Когда настало пробужденье

   Я проспал в этой комнате детский сад, школу-десятилетку и пять курсов Института народного хозяйства по мясомолочному отделению и остальные года, что составляют разницу между моими тридцатью и временем «встать на ноги».
   Я теперь немного лысею, а толстенький был всегда. В школе меня звали «мясокомбинат», «жиртрест» и «комбижир» – вариациями одного и того же смыслового корня, означающего сытость, довольство и простоту. И я убежден, что мясомолочное отделение Института народного хозяйства не было случайной страницей моей биографии. Я быстро терял своих товарищей. Они бурлили и лопались, как газировка. Они уезжали на периферию и вешались: на шеи жен, на изобретения и, наконец, с помощью обычной бельевой веревки. Они становились знаменитостями и чудаками. Они умирали и воскресали, чтобы затем опять исчезнуть.
   В моем сердце, для меня, потому что я любил своих товарищей, но себя – больше, и каждое известие или событие было волнами от камня, брошенного в старый, заросший тиной, покрытый ряской пруд.
   И в этот день я шел к вечеру домой, чтобы спать. А в авоське хозяйственно звенели три бутылки кефира, теснились кулечки с ветчиной, колбасой, сыром, матово блестели румяные сайки.

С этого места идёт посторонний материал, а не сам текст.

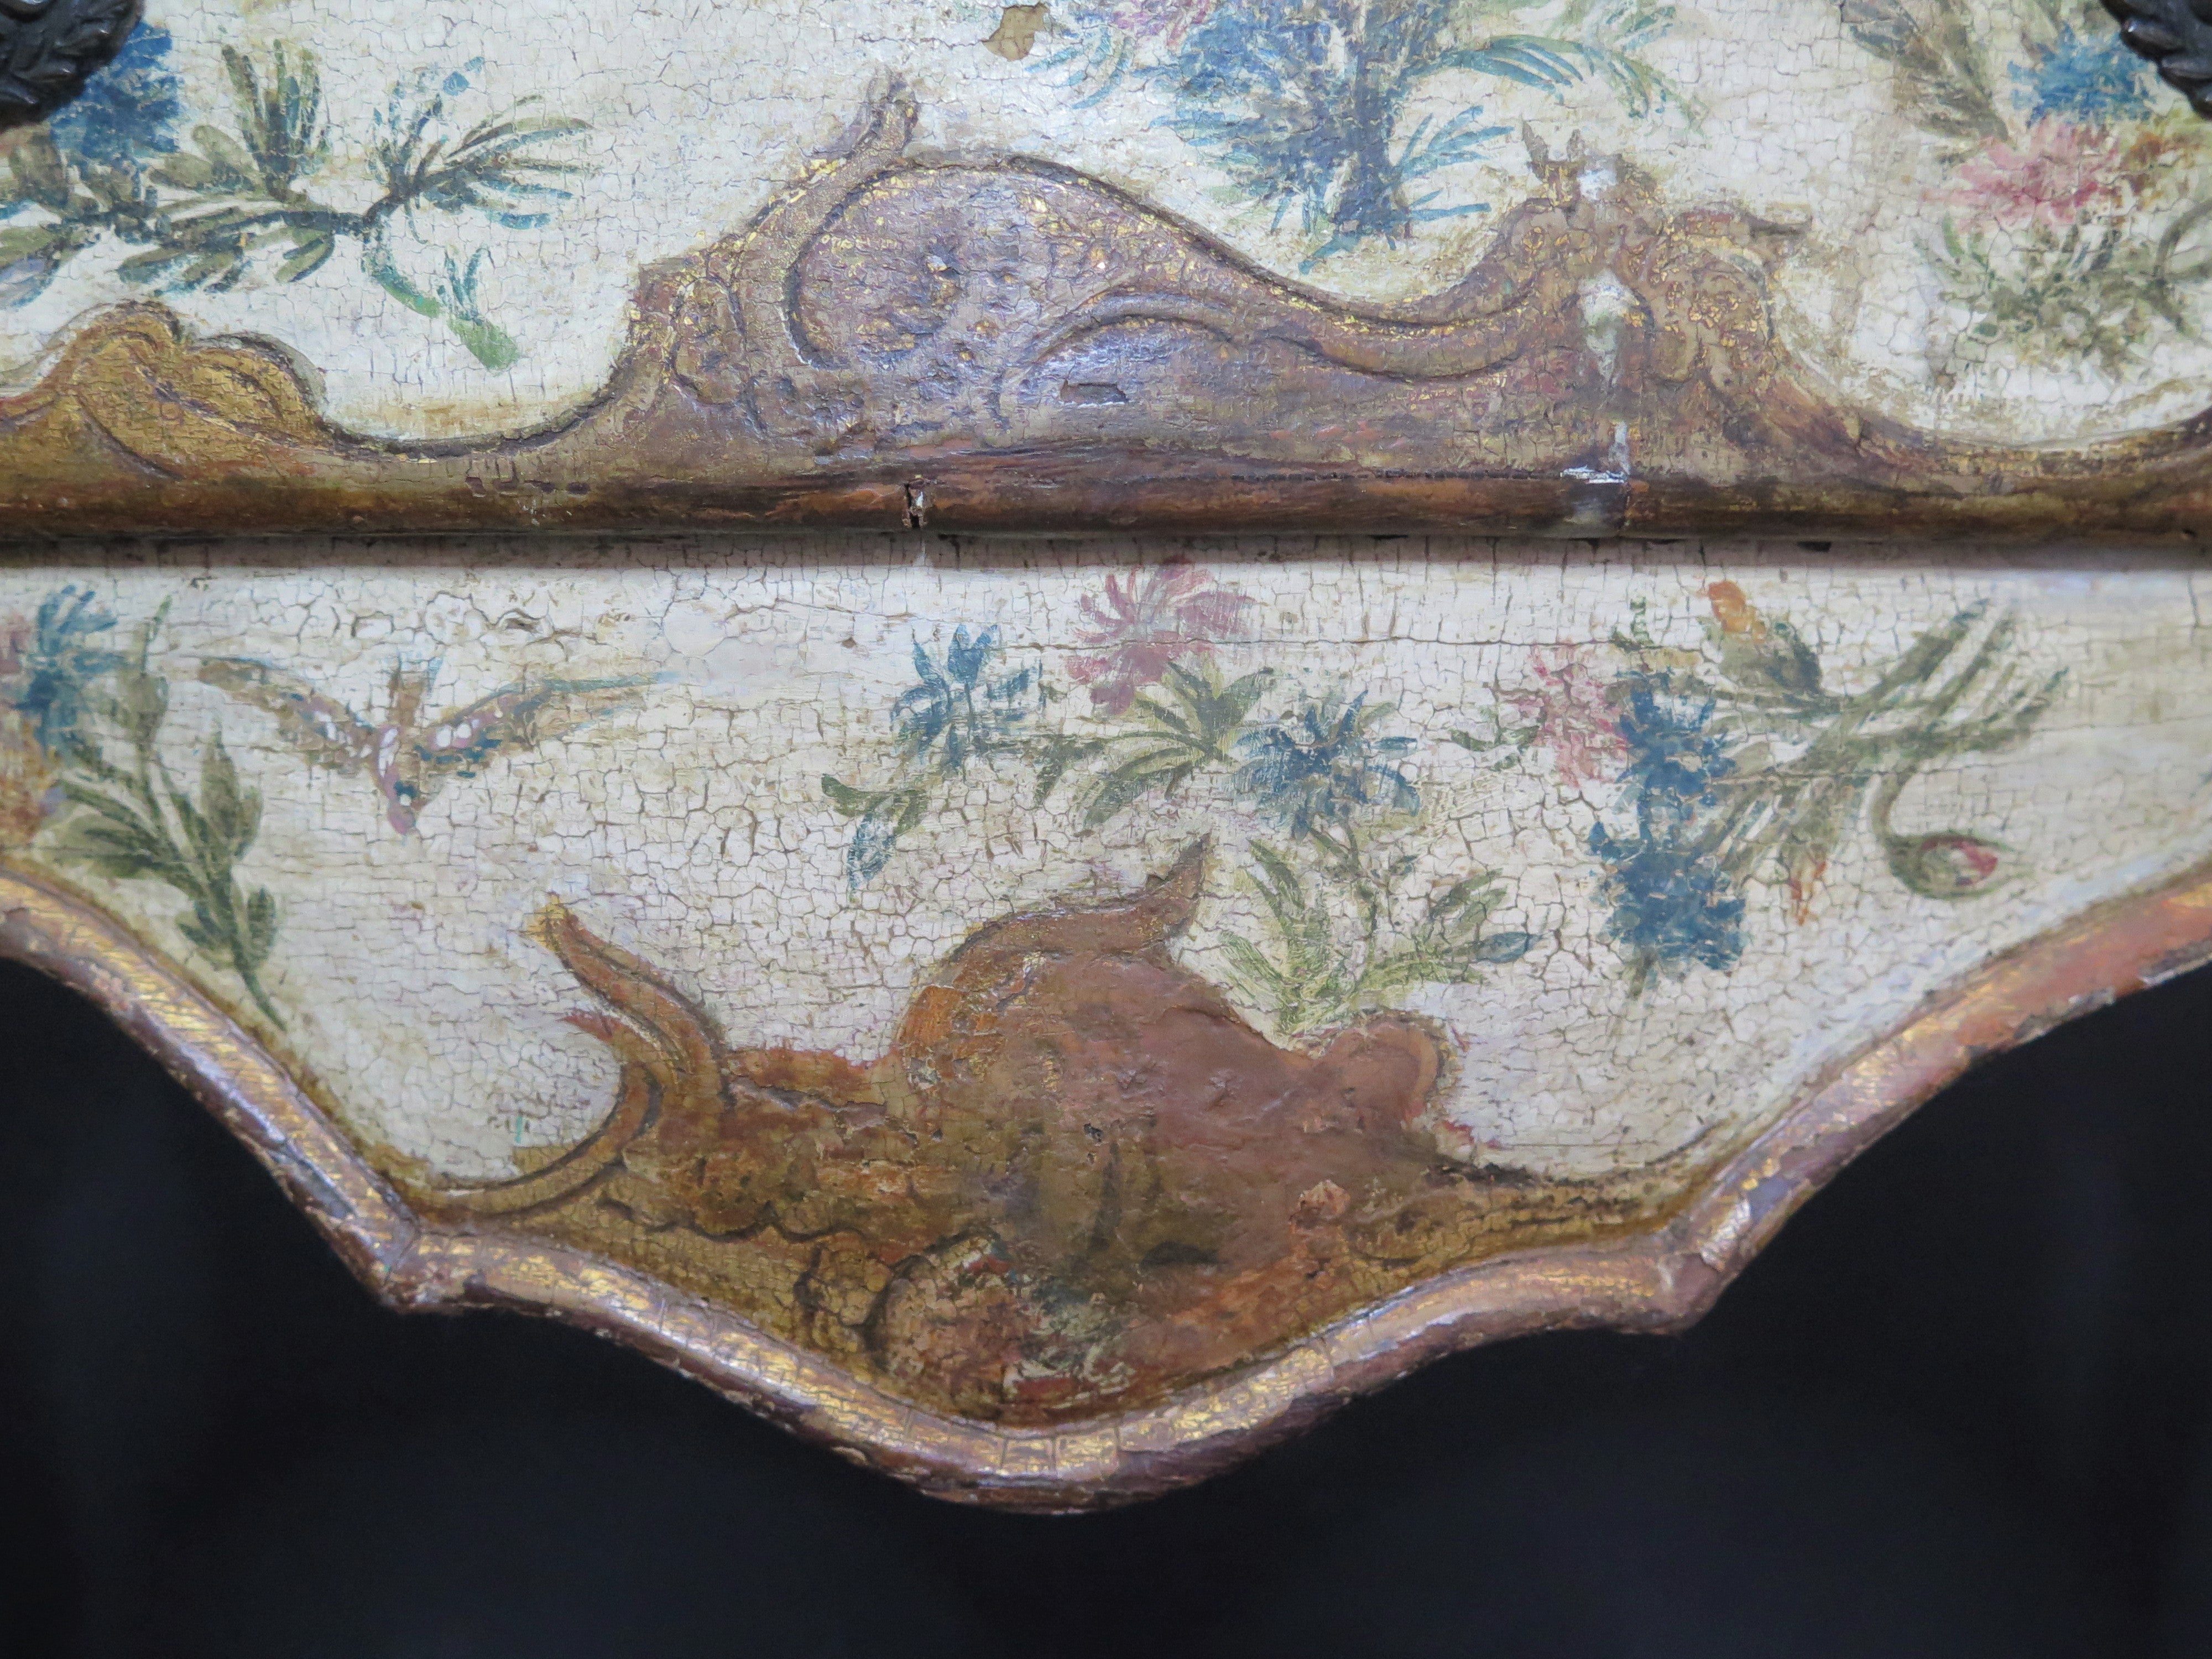 An Early 18th Century Italian Painted Side Table, Circa 1720

   Дома меня ждала мать. Мне хорошо было думать о том, что я обязательно и хорошо пообедаю: съем две тарелки жирных щей с говядиной и на второе – тефтели, а в перерывах и потом буду, отдуваясь, тянуть кефир, стакан за стаканом, и поднимать вилкой ломтики снежно-красной ветчины.

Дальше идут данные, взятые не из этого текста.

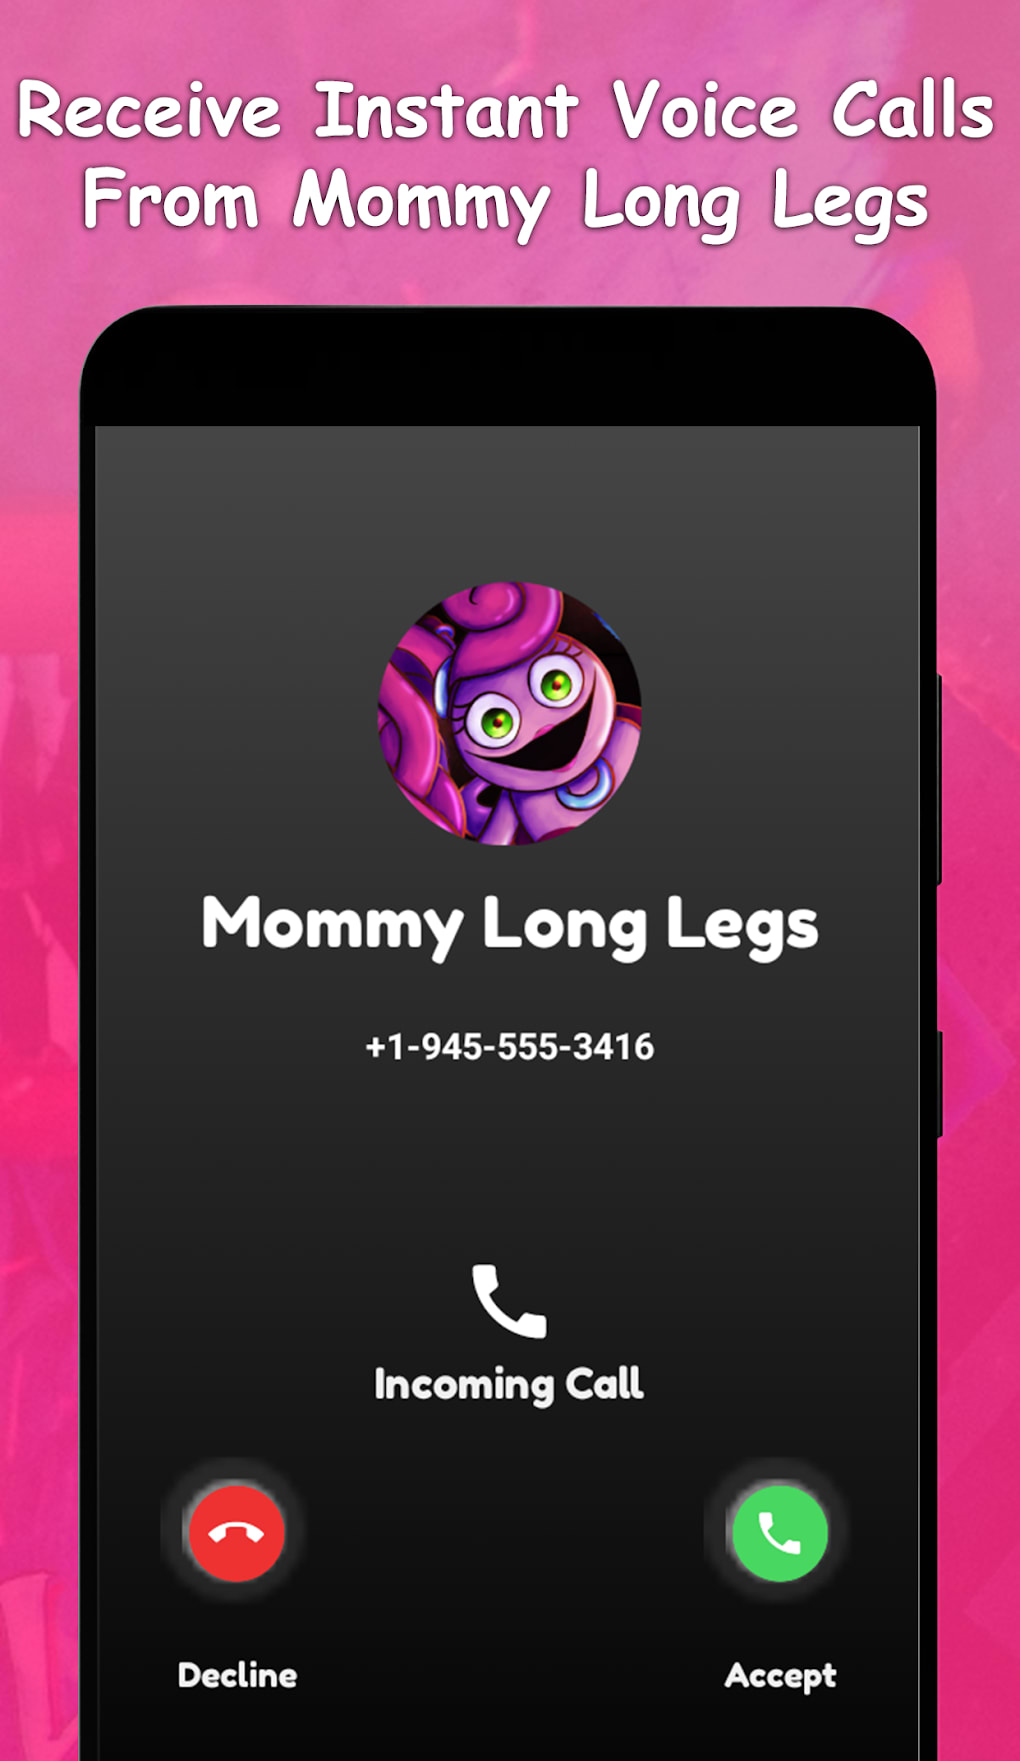 About: Mommy Long Legs Vs FNF Music (Google Play version)

   Я шел по серой и сырой снежной дорожке, опустив голову, и видел окурки, пуговицы, отложения собак и клочок письма, которое начиналось словами «здравствуй, Вася…».
   «Вася – это я? – подумал я. – А, ладно, какое там мне может быть письмо».
   И действительно, потом оказалось, что это письмо не имеет ко мне никакого отношения, а на плавный ход моей жизни повлияли совершенно иные события.
   Мать встретила меня сурово, скрестив руки. Что-то нарушило ее внутреннее спокойствие: она молчала, но тарелка, поварешка и кастрюля тревожно дрожали в ее властной руке. И она даже не спросила, где это я там надолго задержался. А задержался у одного товарища, собственной секретарь-машинистки. Я все время смотрел на часы, именно потому, что боялся – мамаша всыплет за опоздание.
   Уж совсем посинело за окном. Я прилег, читал книжку, но с каждой страницей все невнимательней, а потом тихо уснул.
   Первый раз я проснулся от того, что напротив, на стройке, включили прожектор и желтые его лучи тревожили меня. Я задернул штору, пожаловался матери на жару в квартире, открыл форточку и опять уснул.
   Второе пробуждение было похоже на прикосновение шершавой натруженной ладони. Кто-то гладил меня по пузу, по спине, по лицу. Я вздрогнул и открыл глаза. Никого…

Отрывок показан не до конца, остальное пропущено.